INPUT DATA.
*** Begin section ***

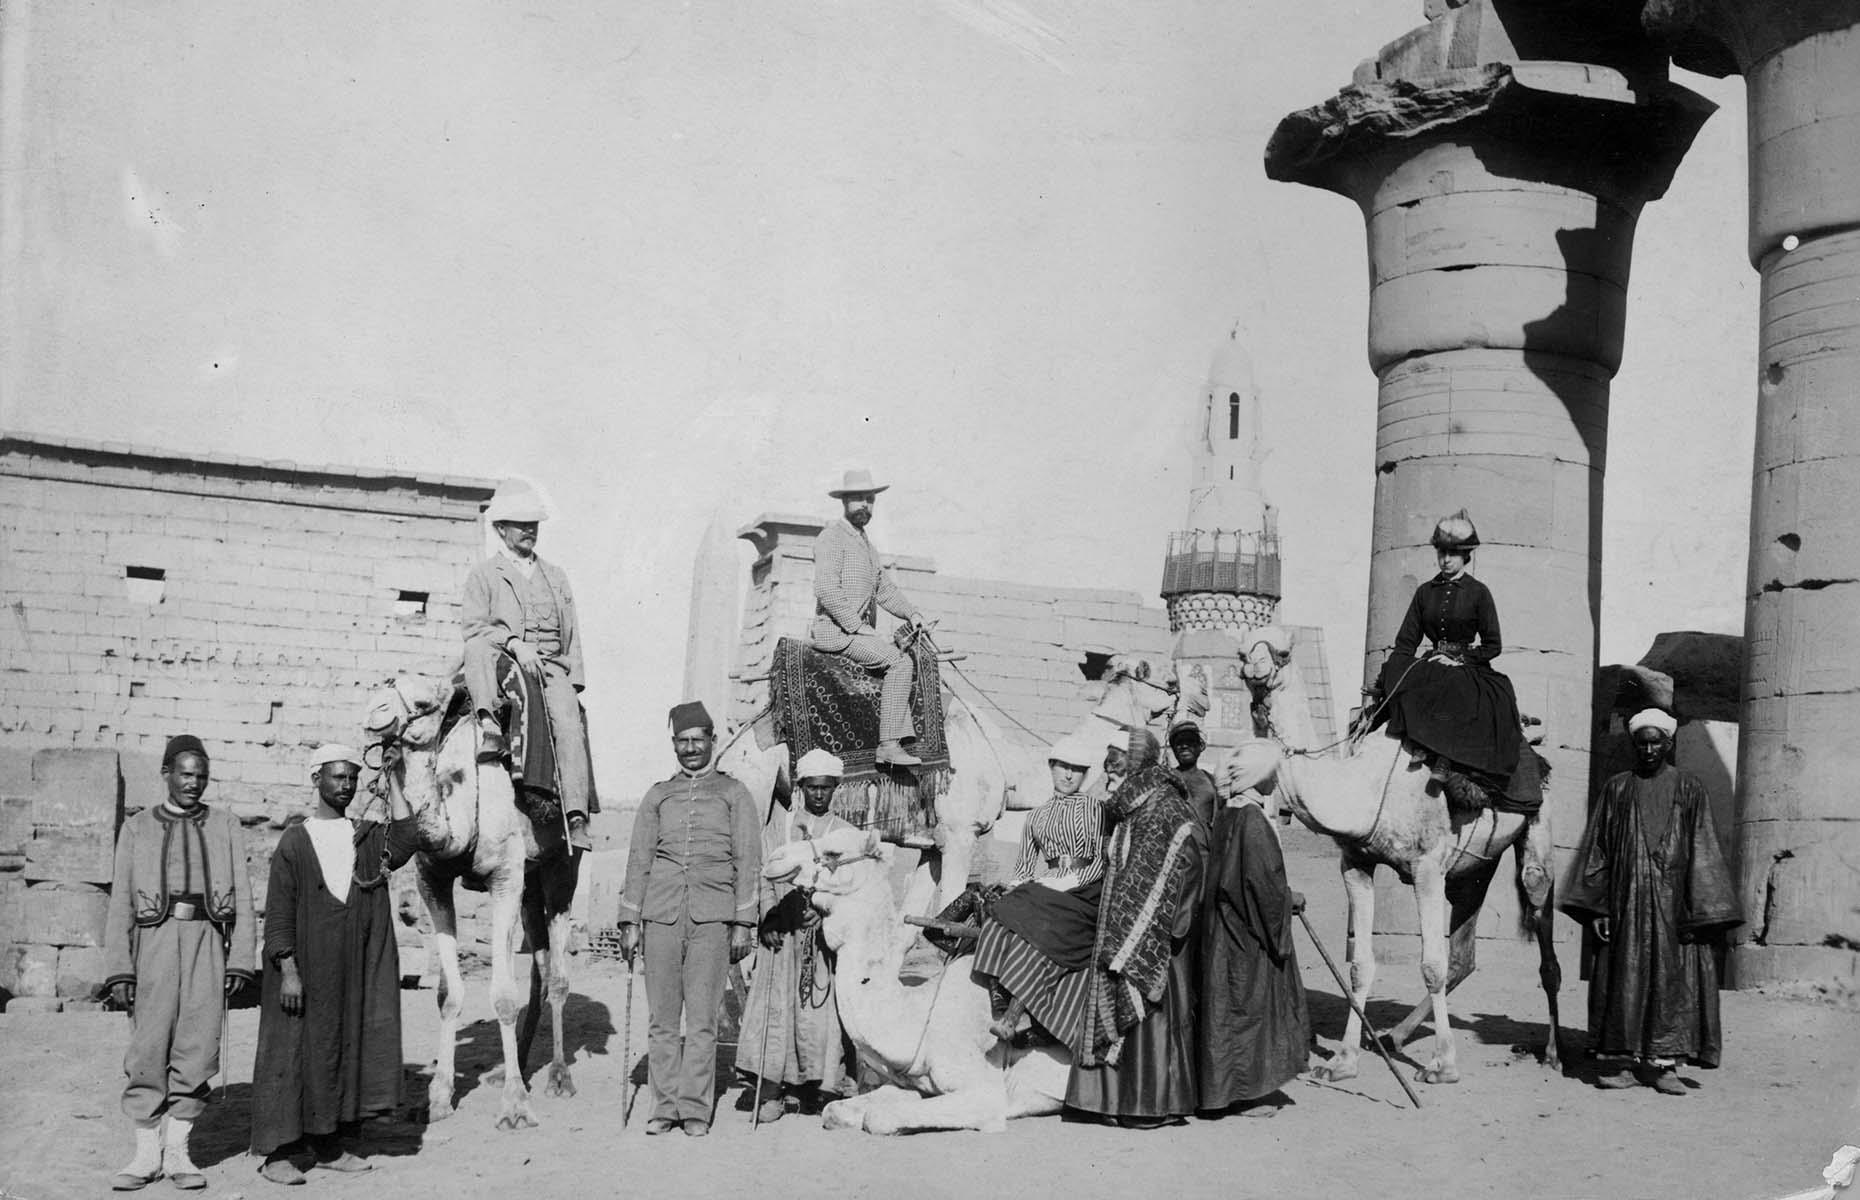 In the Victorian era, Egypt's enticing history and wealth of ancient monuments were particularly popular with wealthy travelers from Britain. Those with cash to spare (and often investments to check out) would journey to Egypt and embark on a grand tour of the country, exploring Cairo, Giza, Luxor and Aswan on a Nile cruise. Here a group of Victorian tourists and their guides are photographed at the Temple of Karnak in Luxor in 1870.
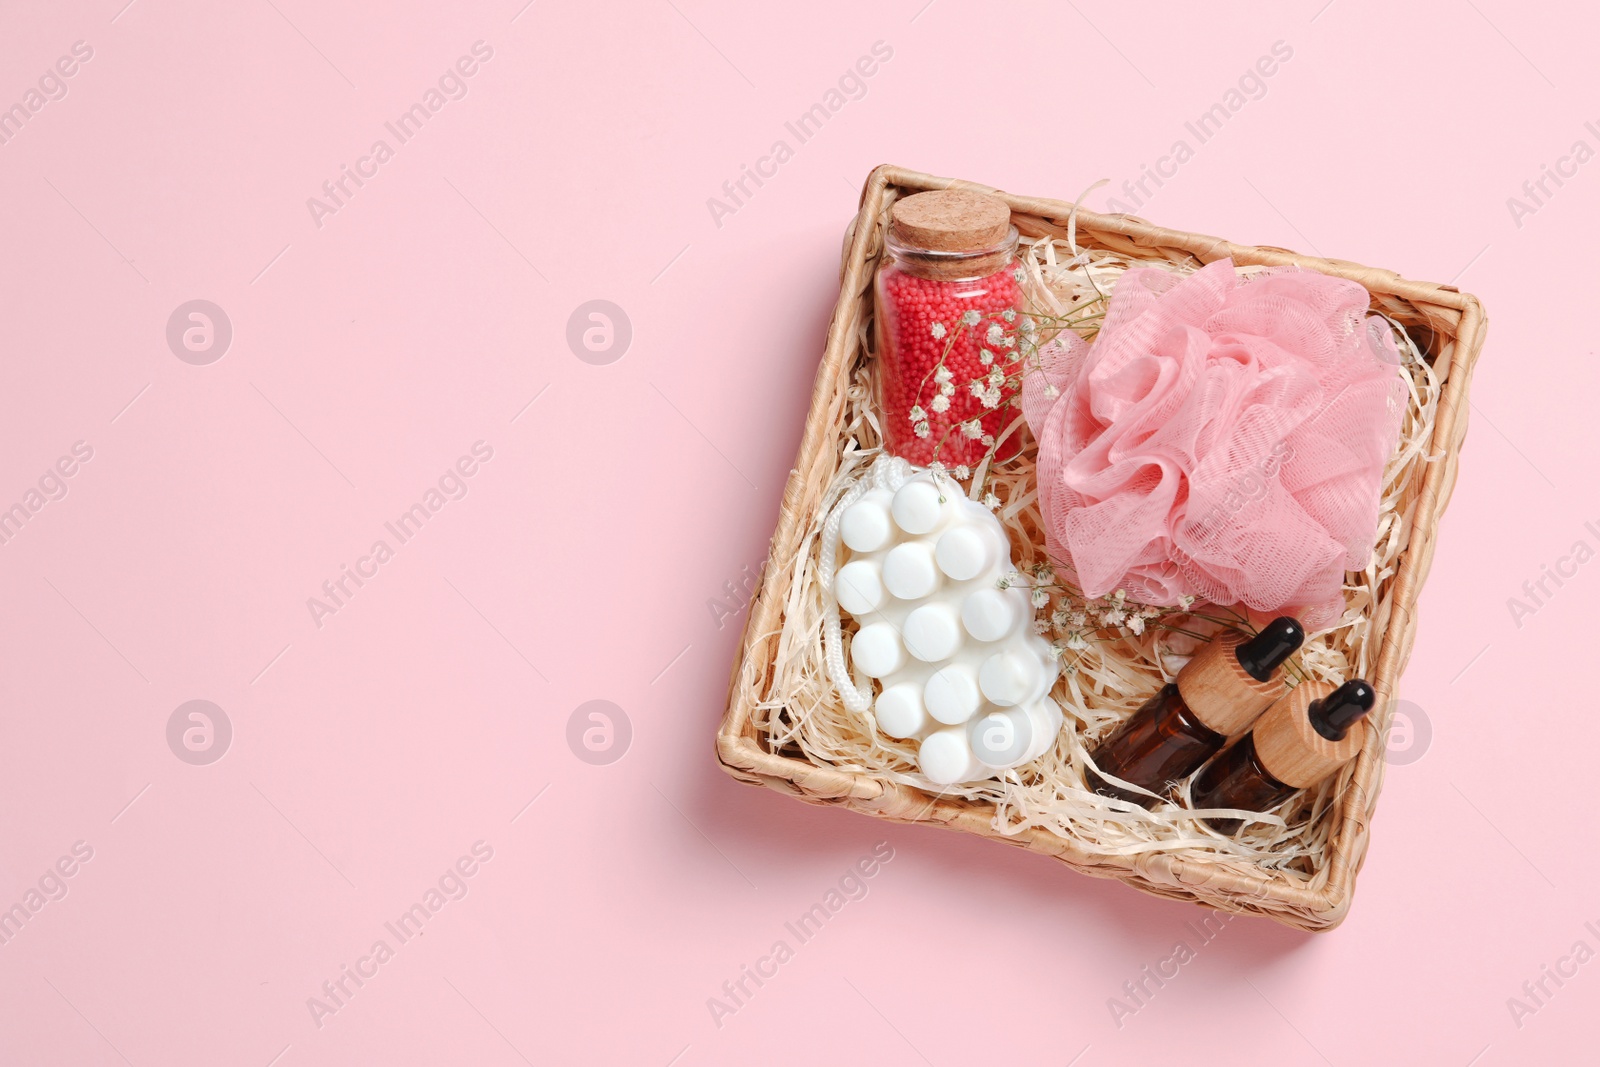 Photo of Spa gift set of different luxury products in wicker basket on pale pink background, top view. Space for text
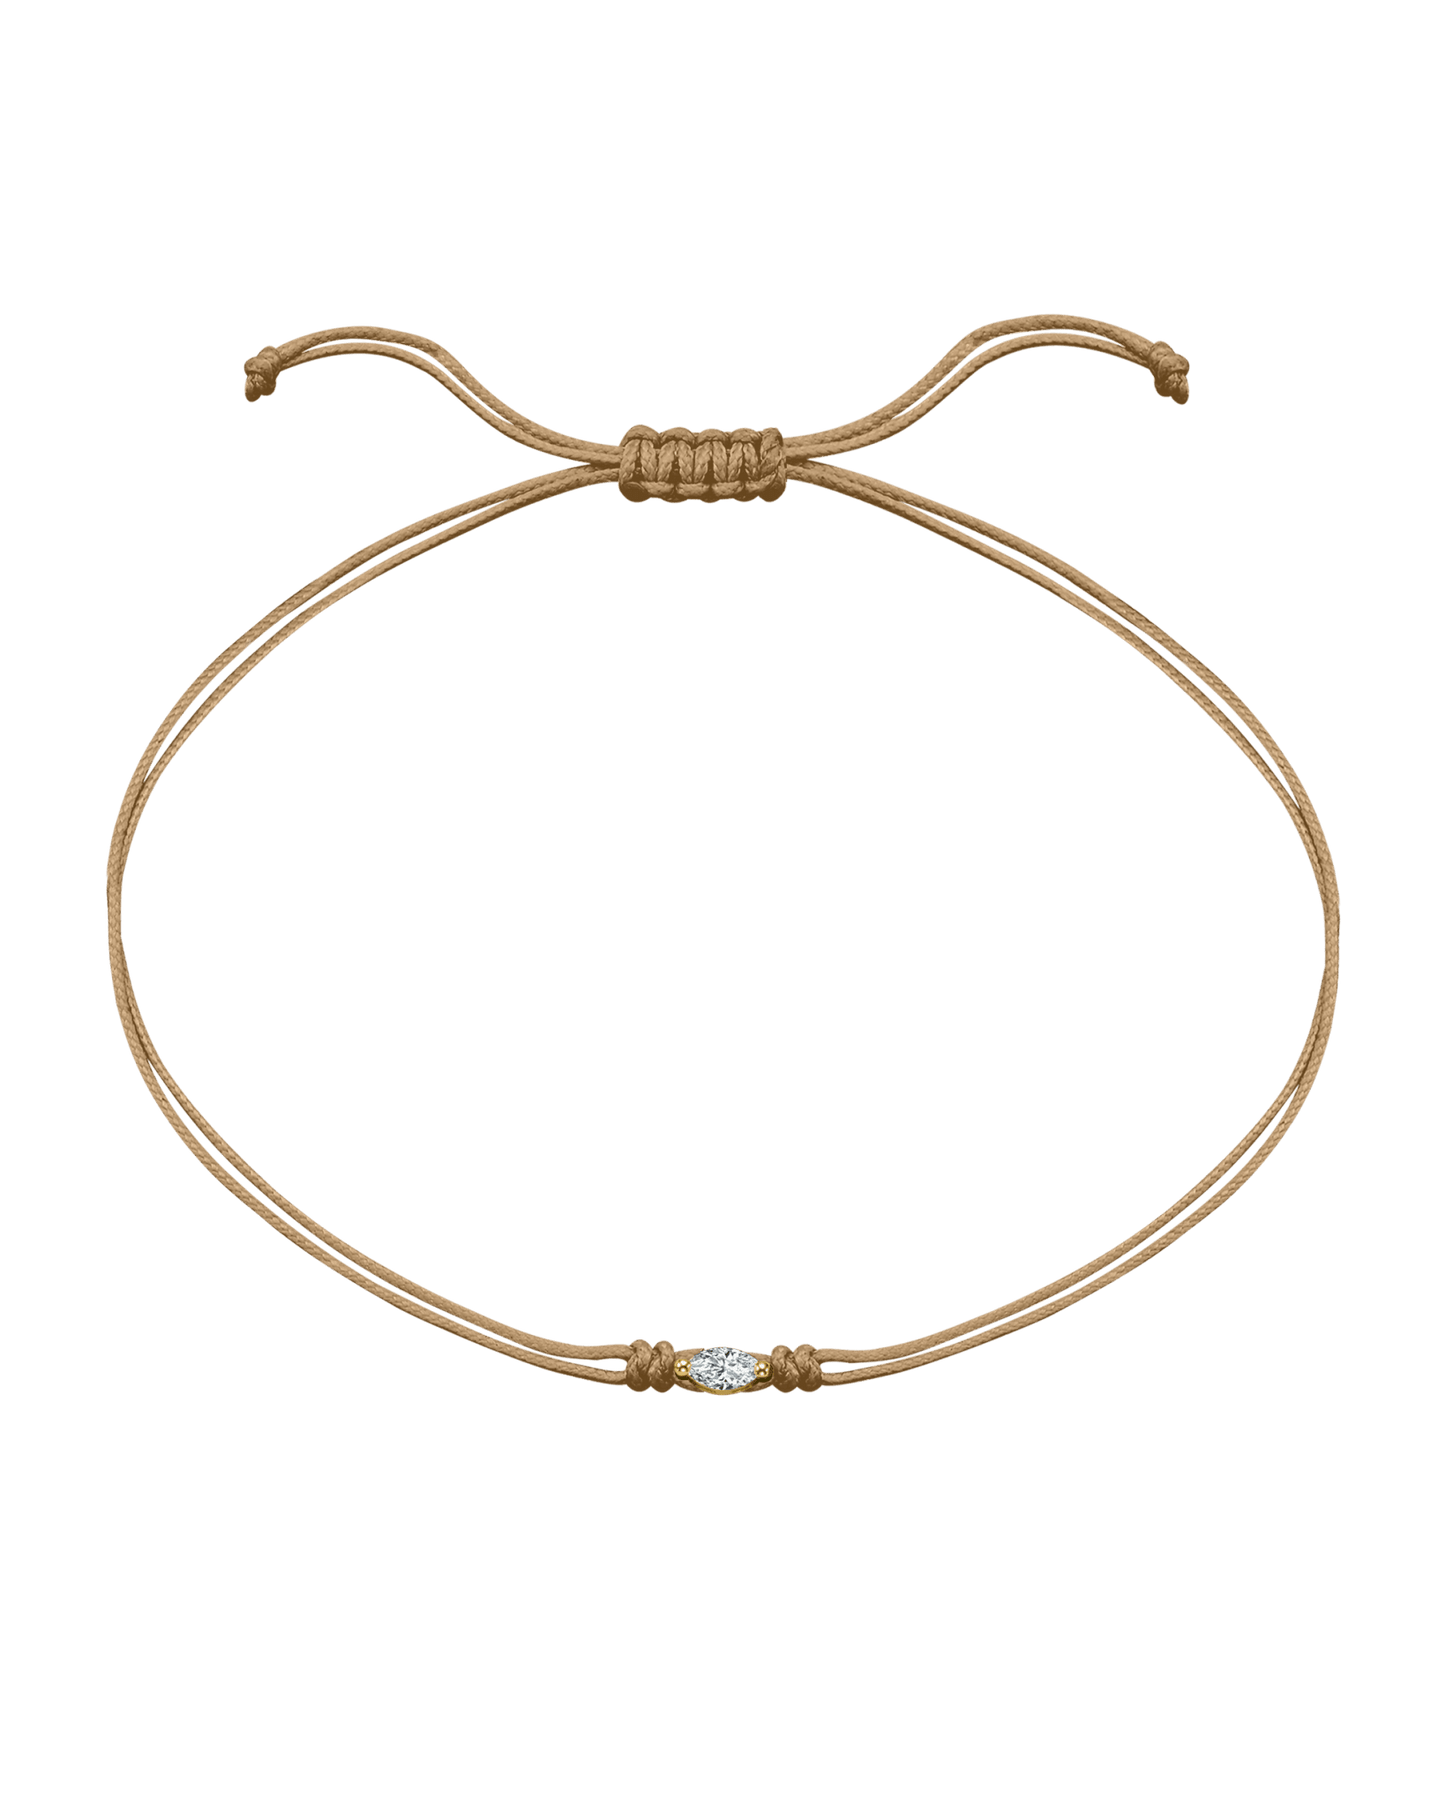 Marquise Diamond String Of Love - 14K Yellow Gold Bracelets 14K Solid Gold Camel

*** End section ***

WORK REQUEST.
Could all the data above be given again exactly, leaving out its images?

ANSWER TO THIS TASK.
 In the Victorian era, Egypt's enticing history and wealth of ancient monuments were particularly popular with wealthy travelers from Britain. Those with cash to spare (and often investments to check out) would journey to Egypt and embark on a grand tour of the country, exploring Cairo, Giza, Luxor and Aswan on a Nile cruise. Here a group of Victorian tourists and their guides are photographed at the Temple of Karnak in Luxor in 1870.
 Photo of Spa gift set of different luxury products in wicker basket on pale pink background, top view. Space for text
 Marquise Diamond String Of Love - 14K Yellow Gold Bracelets 14K Solid Gold Camel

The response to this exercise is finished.